● Your objective
Among the entries below, how many lines include "Thanksgiving"? Give the number alone.

● Exercise data
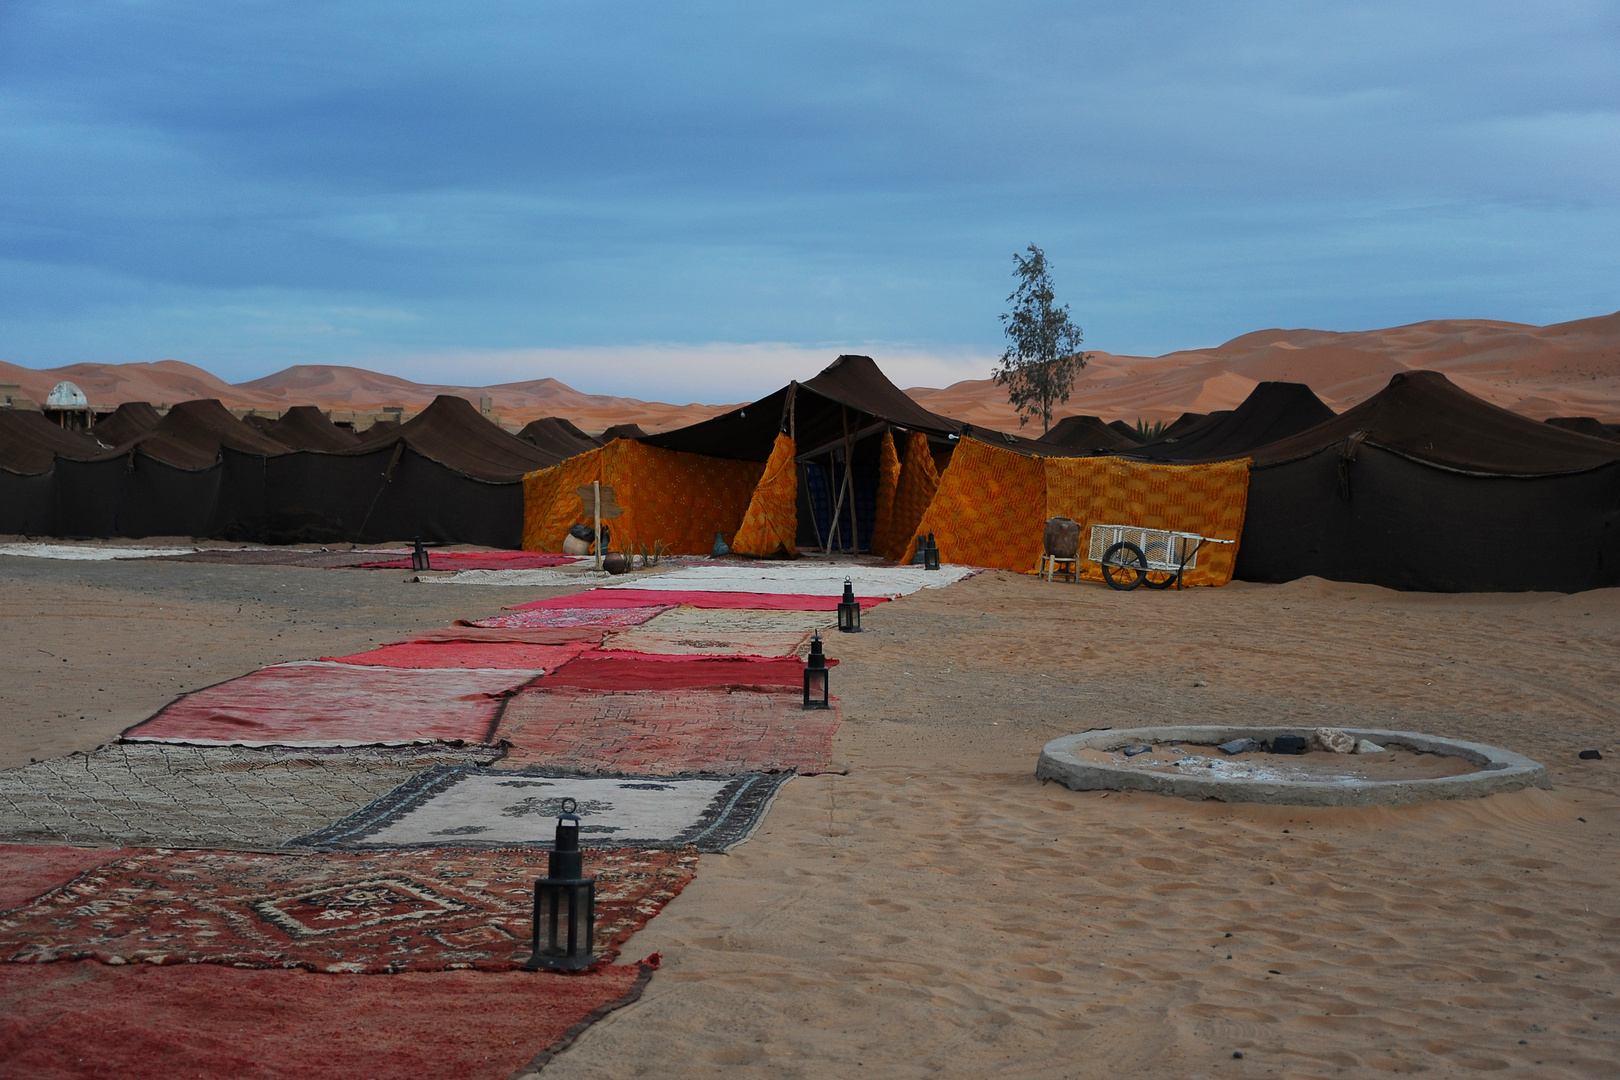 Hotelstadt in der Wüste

* * *

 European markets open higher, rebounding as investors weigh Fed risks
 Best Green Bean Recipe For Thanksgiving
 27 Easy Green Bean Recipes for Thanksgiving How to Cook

* * *

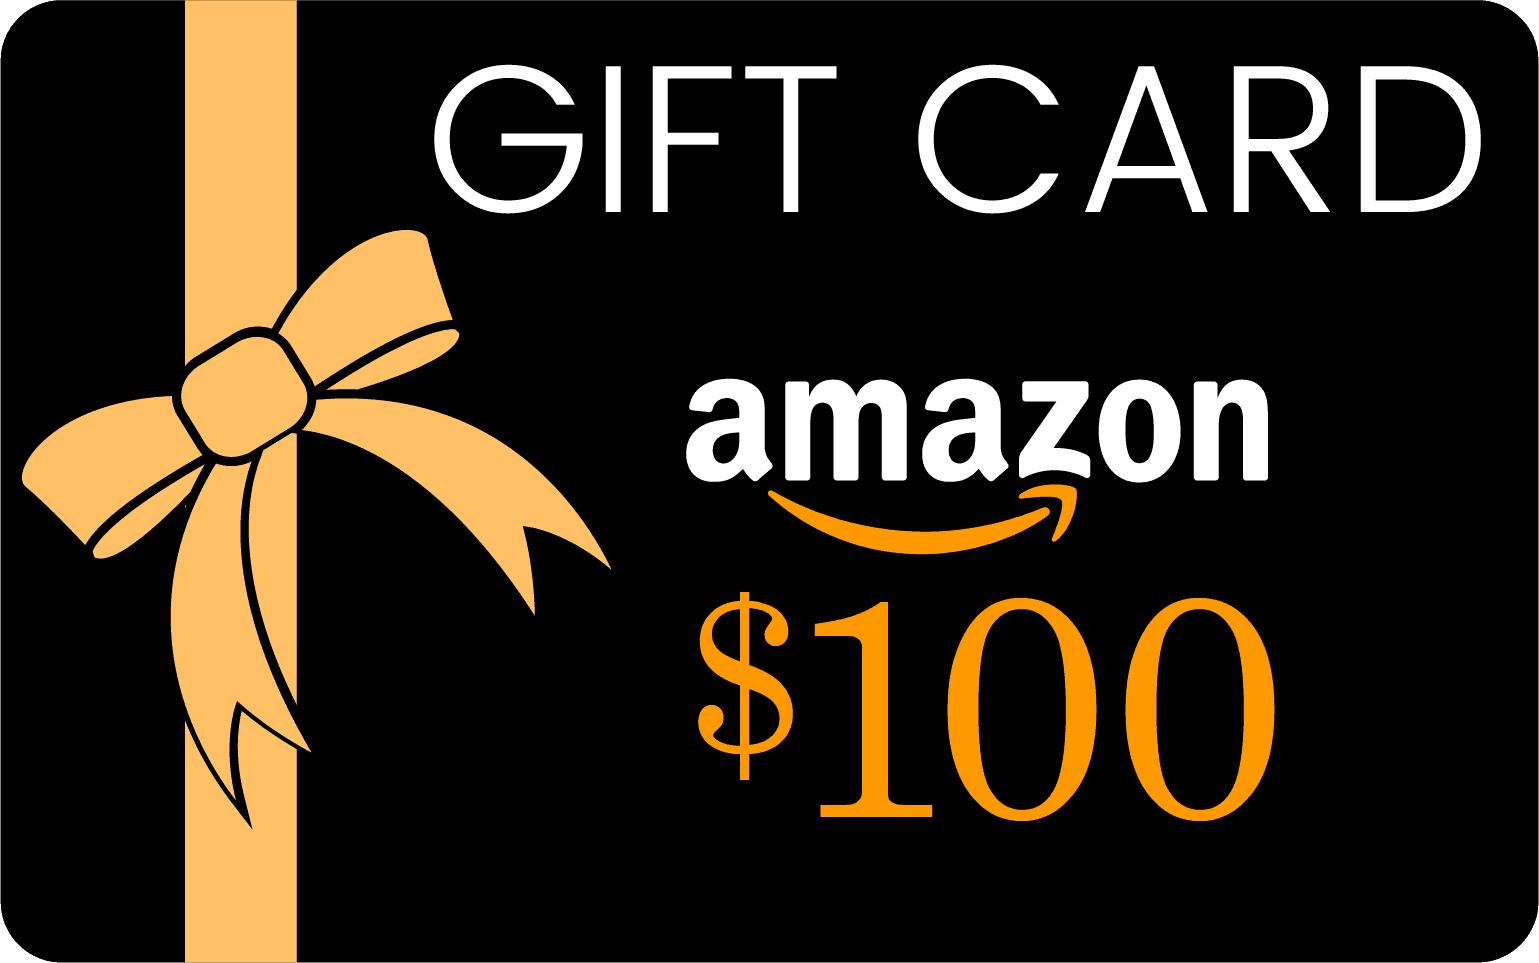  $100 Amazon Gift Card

● Result of this exercise
2